[NOTE: All Around This World lessons are never religious in nature; when we learn about music or culture from a country that references religious observance or belief, we always do so from a musical or cultural perspective. This lesson introduces a mantra that is important in Buddhism, and many would consider it a religious practice. If this doesn’t work for you, don’t worry; the lesson’s goal is not to teach a religioius practice, but rather to introduce kids to the general idea of meditation, which is important in Tibet (and many other places!). You may certainly replace the mantra with any sounds or a mantra of your own.]
A MANTRA is a “spiritual utterance” – a sound or set of words repeated and resonant, most often in the context of a BUDDHIST chant. Tibetan Buddhism’s central mantra is “OM MANI PADME HUM.” Some Buddhist scholars say the six syllables represent the “six perfections” a Buddhist must strive to attain on the path to enlightenment.
There are many translations and interpretations of this mantra.
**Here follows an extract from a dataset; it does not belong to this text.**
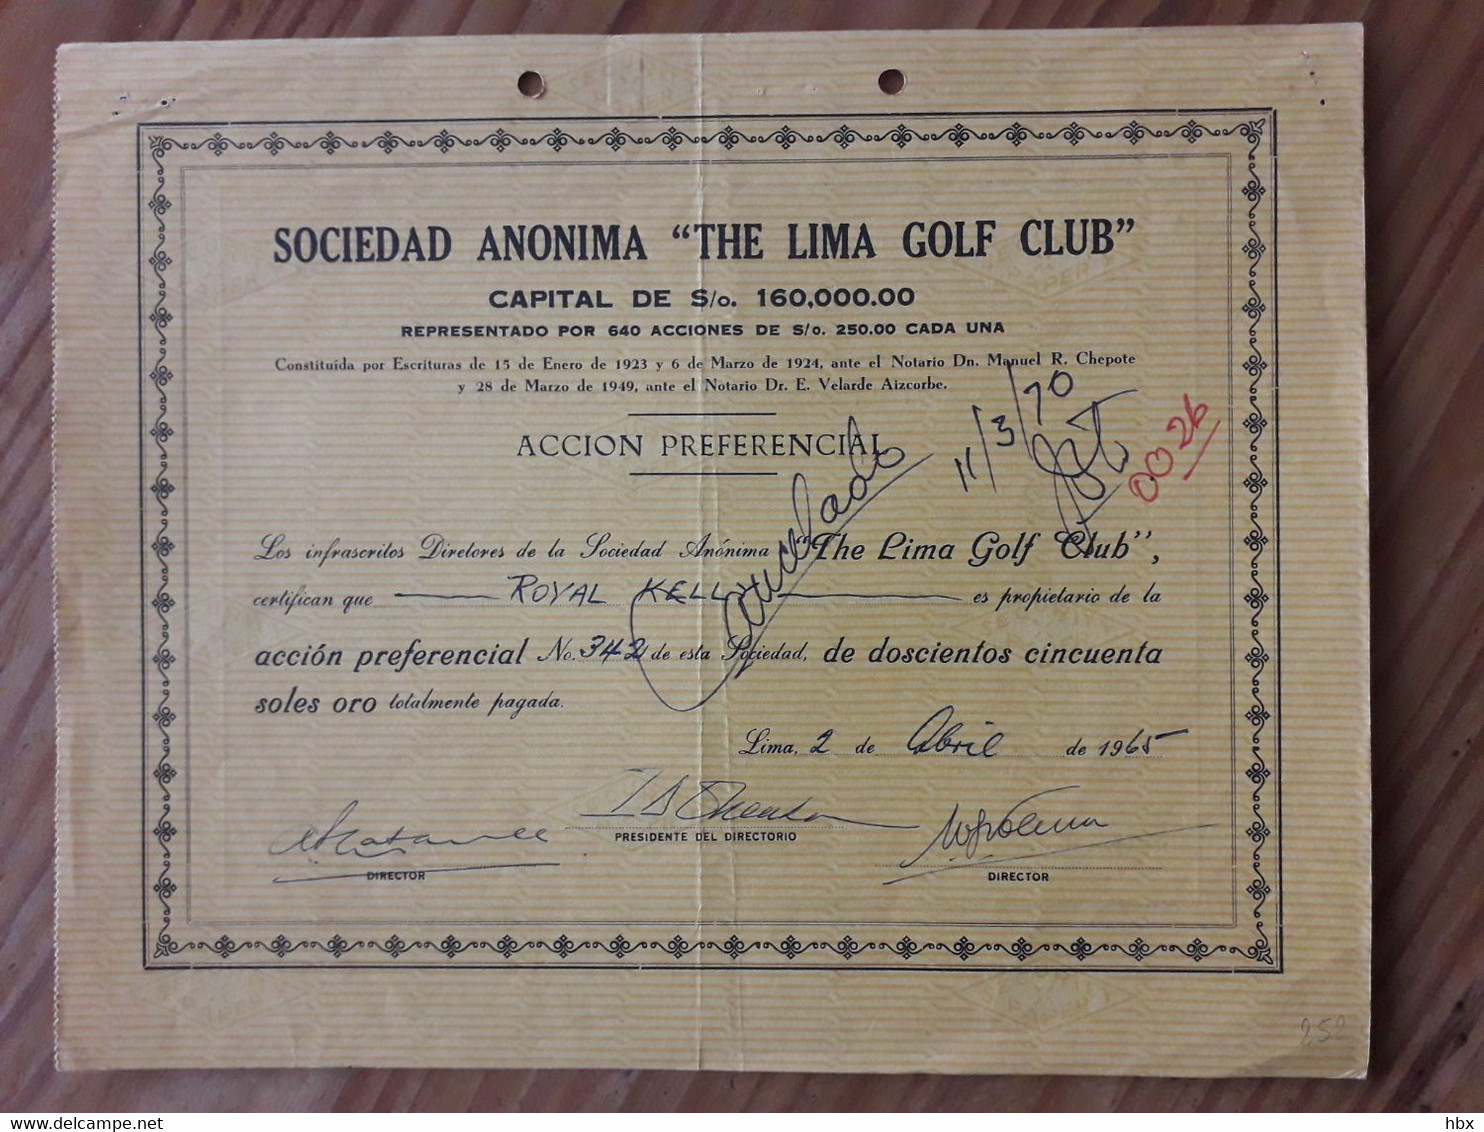 The Lima Golf Club - 1965 - Sports
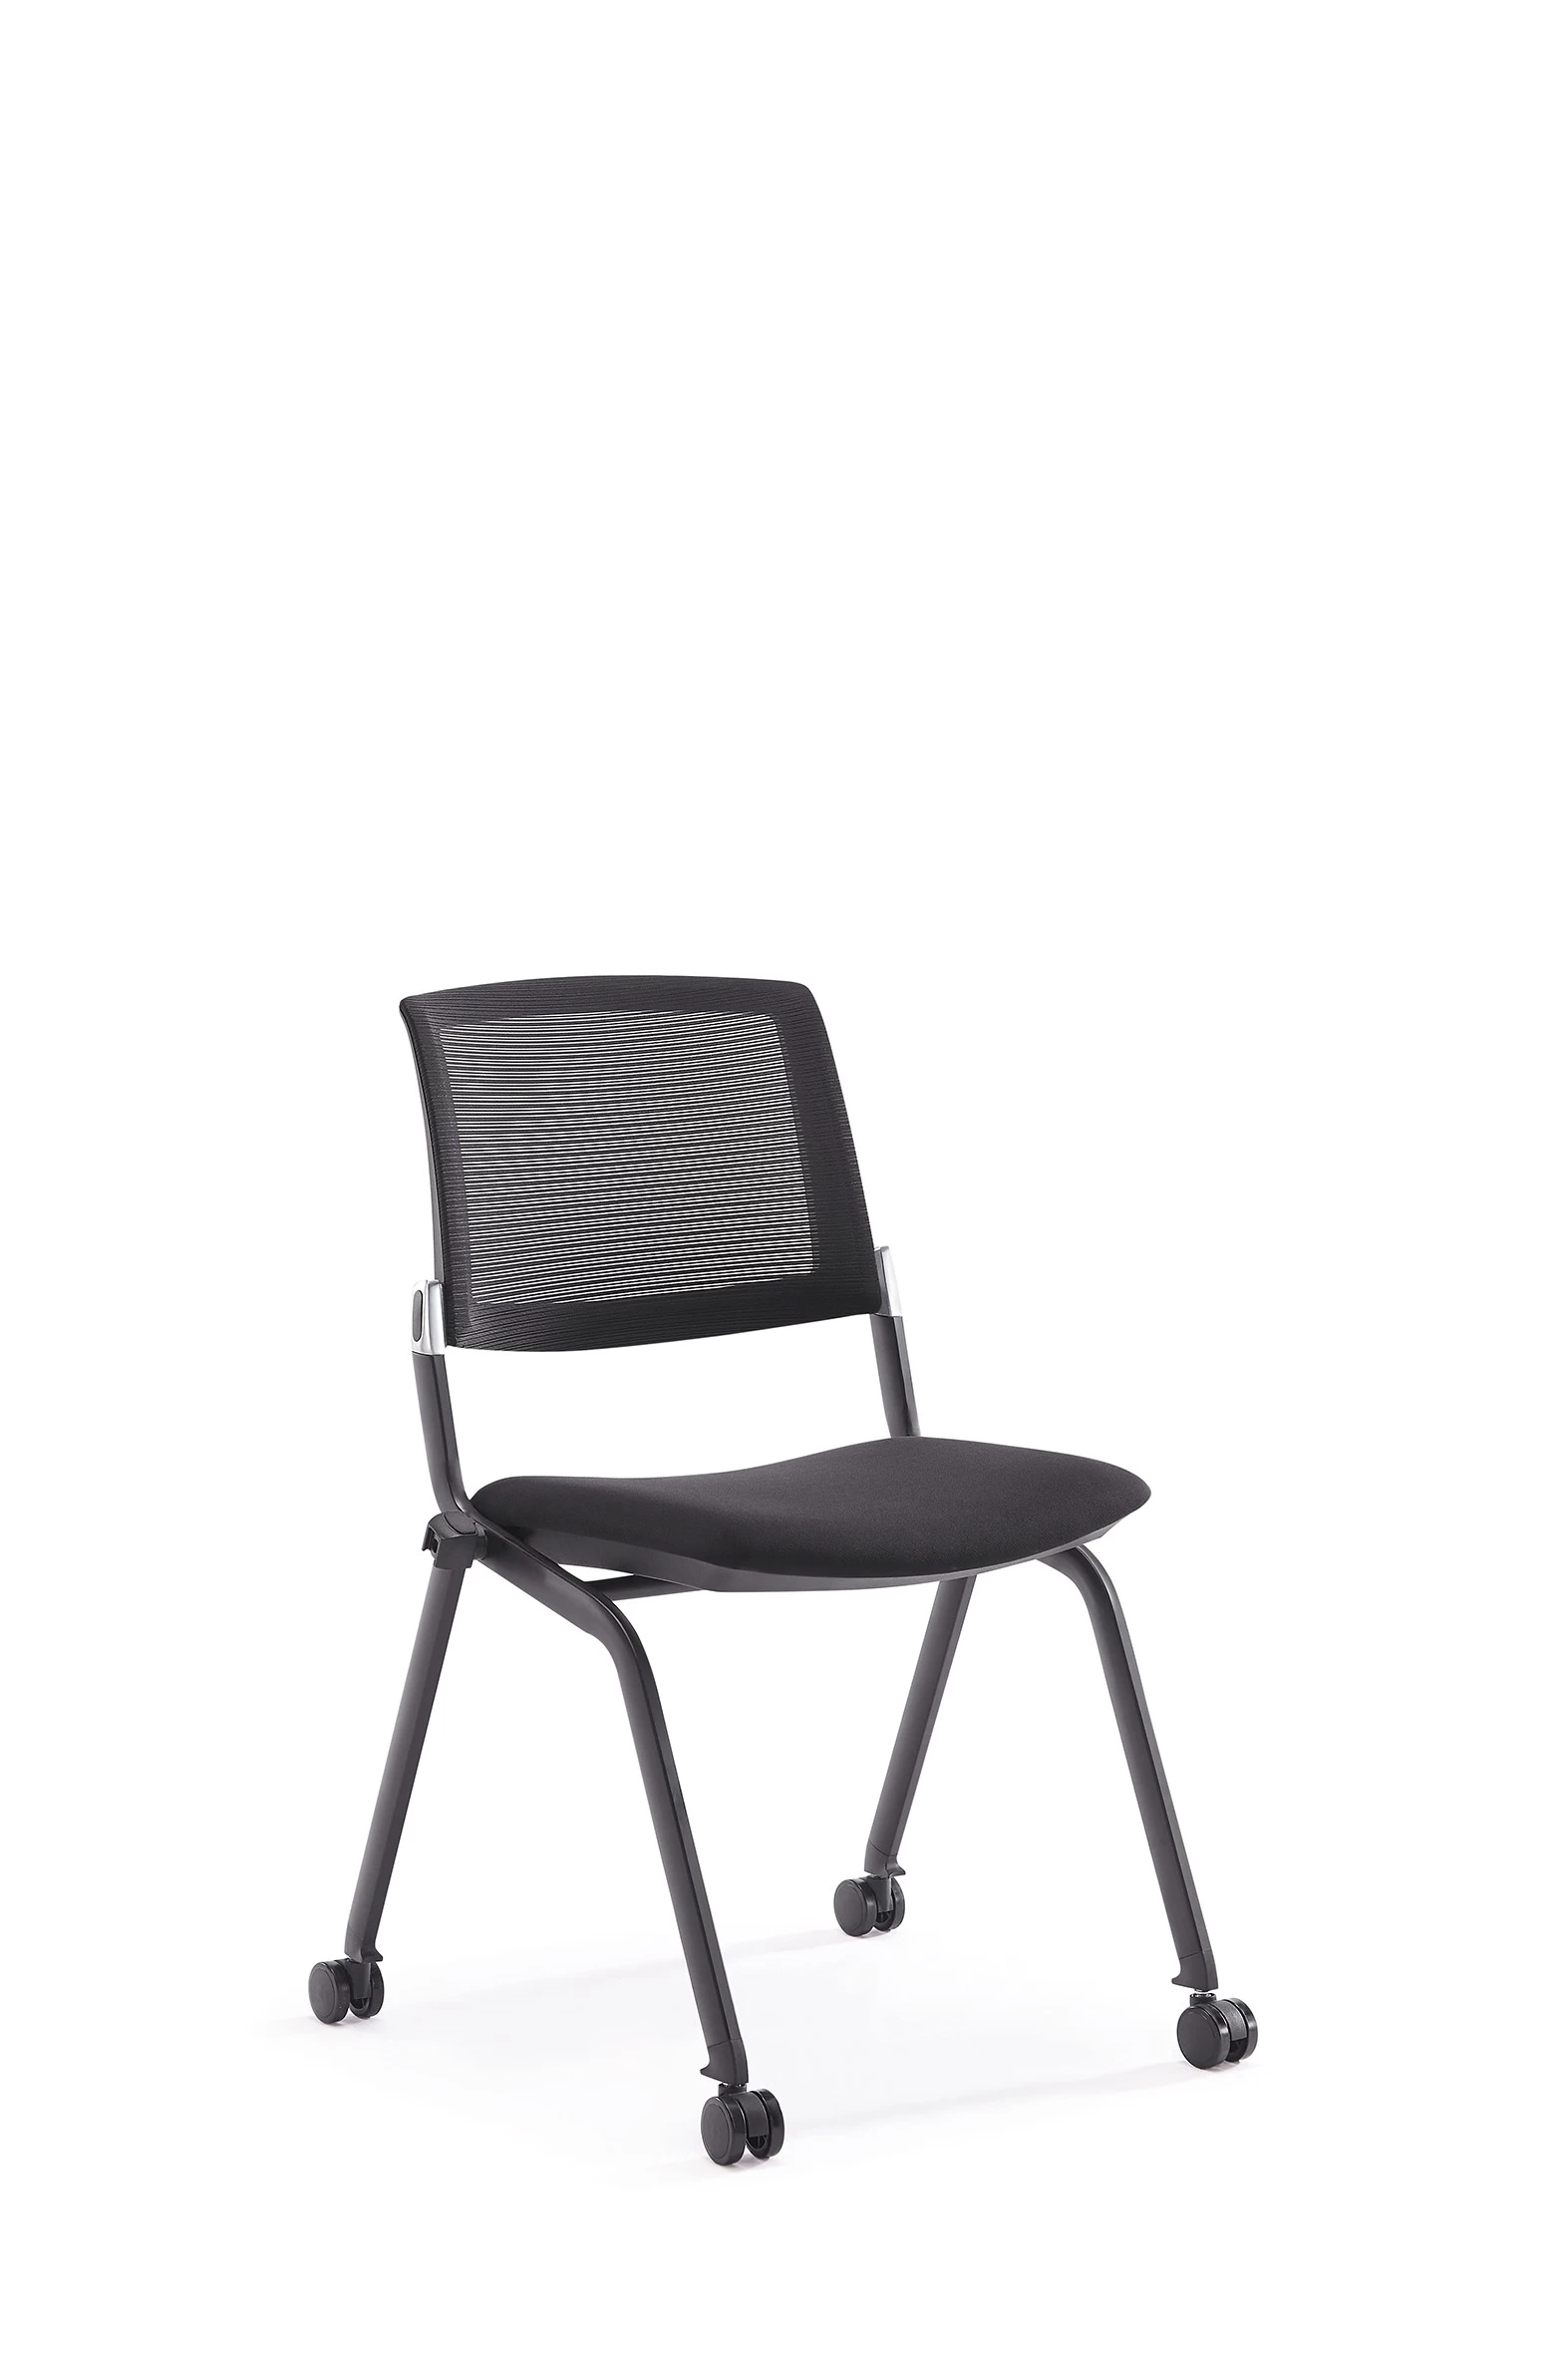 Newcity 1532经济培训椅可折叠机制培训椅纯棉尼龙脚轮PP扶手供应商中国佛山质保5年

According to the 14th Dalai Lama, “OM…symbolizes the practitioner’s impure body, speech, and mind…MANI,, meaning “jewel,” symbolizes … the altruistic intention to become enlightened, PADME meaning lotus” (the lotus flower), “symbolize(s) wisdom…HUM indicates indivisibility….Thus the six syllables mean that in dependence on the practice of a path which is an indivisible union of method and wisdom, you can transform your impure body, speech, and mind into the pure exalted body, speech, and mind of a Buddha.”